The Poisson equation emerges in many problems of mathematical physics, for instance, in electrostatics (in this case, [math]\phi[/math] is the potential of the electric force) and hydrodynamics ([math]\phi[/math] is the pressure of a fluid or a gas). The parameter [math]N[/math] is 2 and 3 for the plane and three-dimensional problems, respectively.
The analytical form of the solution to the Poisson equation is not known in the case where the right-hand side is arbitrary and the boundary conditions are inhomogeneous. Consequently, in most applications, this equation is solved numerically. The most common discretization of the Poisson equation has the form
[math] \sum_{i=1}^{N}\frac{\phi_{k_1,...,k_i+1,...,k_N}-2\phi_{k_1,...,k_i,...,k_N}+\phi_{k_1,...,k_i-1,...,k_N}}{\Delta x_i^2}=f_{k_1,...,k_N},~(k_1,...,k_N) \in D_N. [/math]
Here, the second derivatives are replaced by second-order finite difference approximations (which creates the cross stencil for the plane problem), and the solution is sought on a discrete subset [math]D_N[/math] of the [math]N[/math]-dimensional space. The boundary conditions are also approximated by finite differences.
1.2 Mathematical description of the algorithm
Here, we examine a finite difference scheme for the most common problem related to the Poisson equation in the three-dimensional space:
[math] \frac{\phi_{i+1,j,k}-2\phi_{i,j,k}+\phi_{i-1,j,k}}{ \Delta x^2}\,+\, \frac{\phi_{i,j+1,k}-2\phi_{i,j,k}+\phi_{i,j-1,k}}{ \Delta y^2}\,+\, \frac{\phi_{i,j,k+1}-2\phi_{i,j,k}+\phi_{i,j,k-1}}{ \Delta z^2} = f_{i,j,k},~(i,j,k) \in D_h, [/math]
where [math]D_h=\{0:N_x-1\}\times\{0:N_y-1\}\times\{0:N_z-1\} [/math] is a parallelepiped in the grid domain. For simplicity, we impose the so-called 3-D periodic boundary conditions
[math] \begin{align} \phi_{0,j,k} &= \phi_{N_x,j,k},\\ \phi_{i,0,k} &= \phi_{i,N_y,k},\\ \phi_{i,j,0} &= \phi_{i,j,N_z}. \end{align} [/math]
The periodic boundary conditions are automatically satisfied if the solution is represented via the conventional discrete inverse Fourier transform:
[math] \phi_{i,j,k}=\frac{1}{N_x N_y N_z}\sum_{l=0}^{N_x-1}\sum_{m=0}^{N_y-1}\sum_{n=0}^{N_z-1}\Phi_{l,m,n}e^{2\pi \overline{i} \left(\frac{il}{N_x}+\frac{jm}{N_y}+\frac{kn}{N_z}\right)}. [/math]
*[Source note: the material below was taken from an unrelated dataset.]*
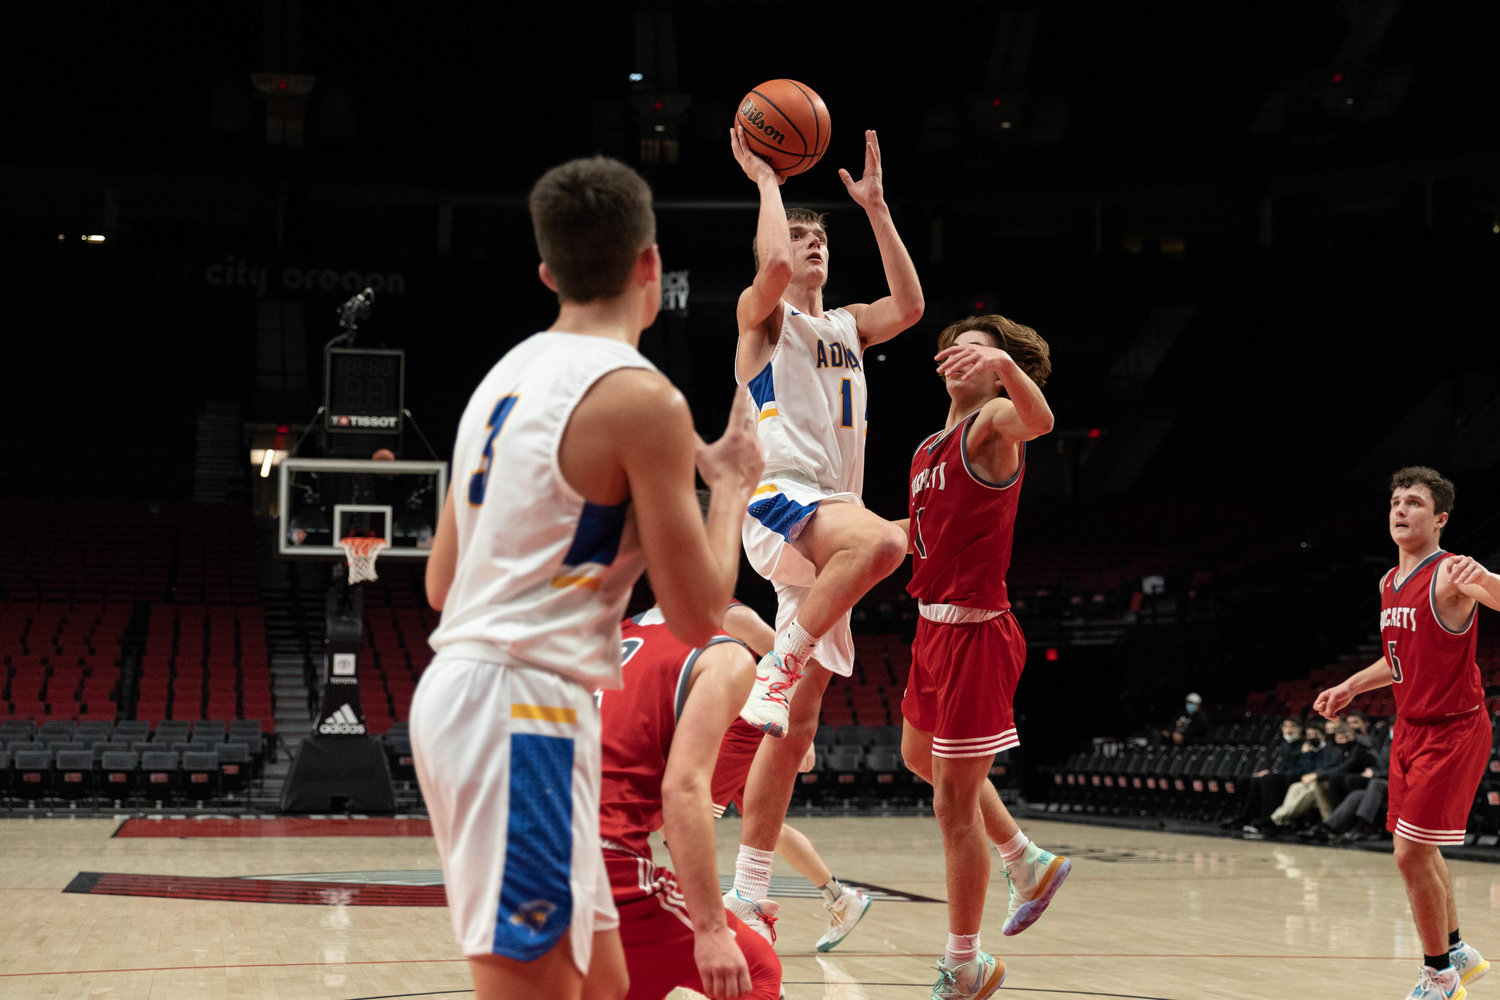 Adna guard Seth Meister attempts a floater against Castle Rock at the Moda Center in Portland Dec. 18.

Here, [math]\overline{i}=\sqrt{-1}[/math]. A similar representation is applied to the right-hand side [math]f_{i,j,k}[/math]. The convenience of using the Fourier transform for solving the discrete Poisson equation consists in the fact that the basis functions of the Fourier expansion are eigenfunctions of the discrete Laplace operator. Namely, by substituting the Fourier expansions of the unknown function [math]\phi_{i,j,k}[/math] and the right-hand side [math]f_{i,j,k}[/math] into the original equation, we obtain
[math] \Phi_{l,m,n}=-\frac{F_{l,m,n}}{4\left[\sin^2\left(\frac{\pi l}{N_x}\right) + \sin^2\left(\frac{\pi m}{N_y}\right) + \sin^2\left(\frac{\pi n}{N_z}\right) \right]}, [/math]
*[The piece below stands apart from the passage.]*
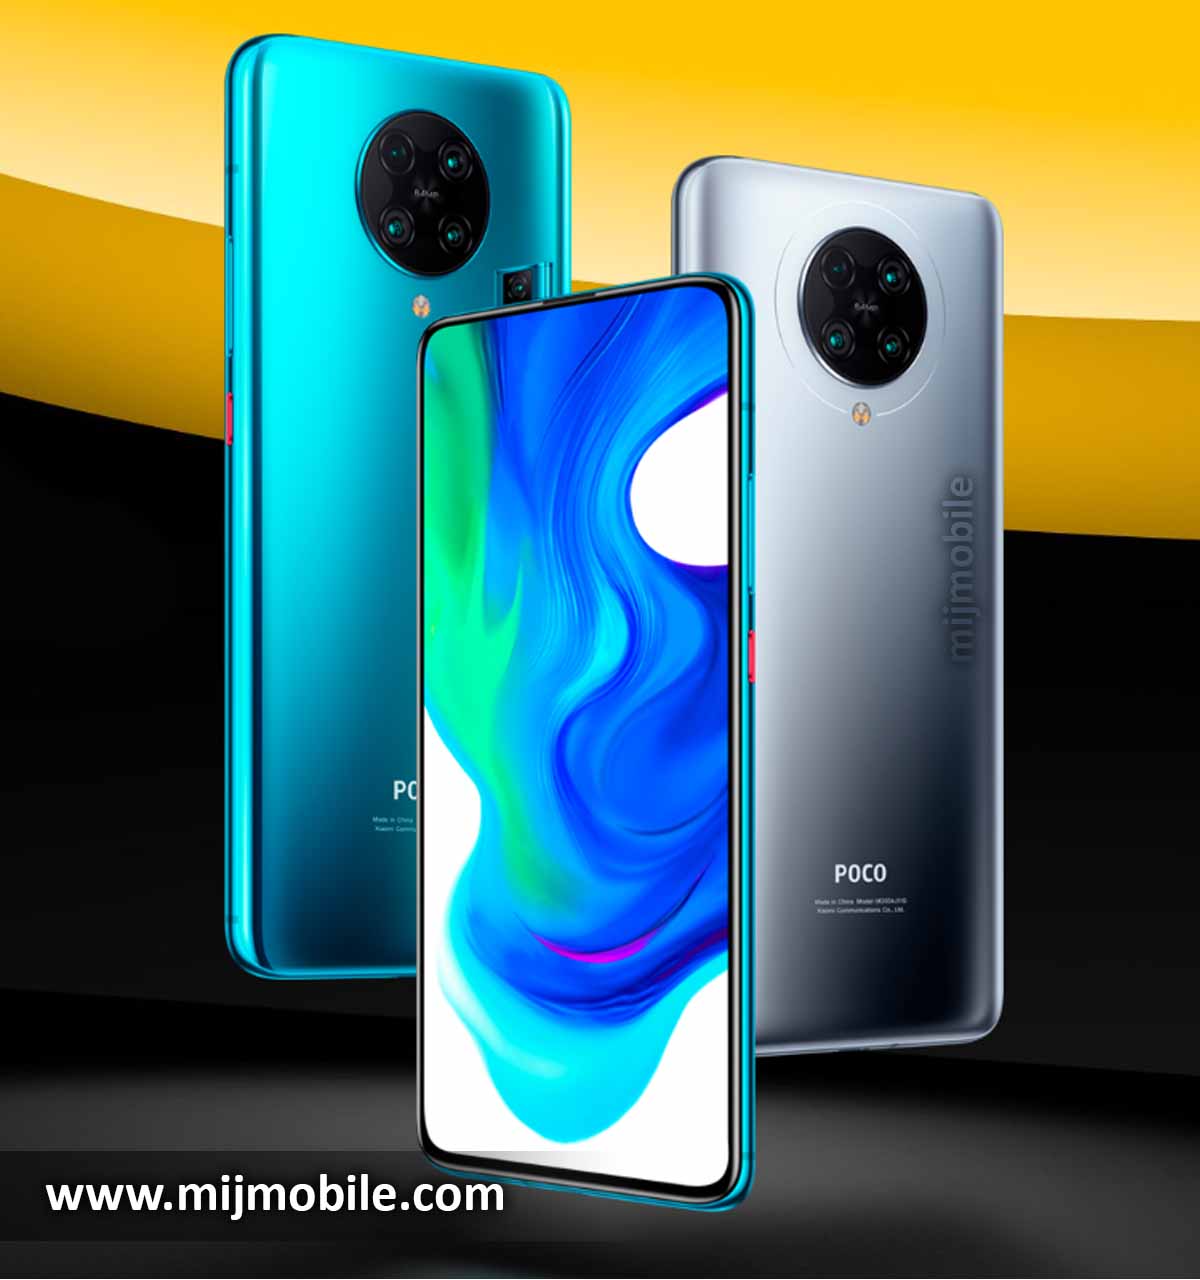 Xiaomi Pocophone F2 Pro Price in Pakistan & Specifications Xiaomi Pocophone F2 Pro Price in Pakistan is only 112,000.

where [math]F_{l,m,n}[/math] is the Fourier transform of the right-hand side. This makes obvious the algorithm for solving the equation: first, the right-hand side is expanded into the Fourier series, then the above formula is used for calculating the Fourier coefficients of the solution; finally, the solution is reconstructed by applying the inverse Fourier transform.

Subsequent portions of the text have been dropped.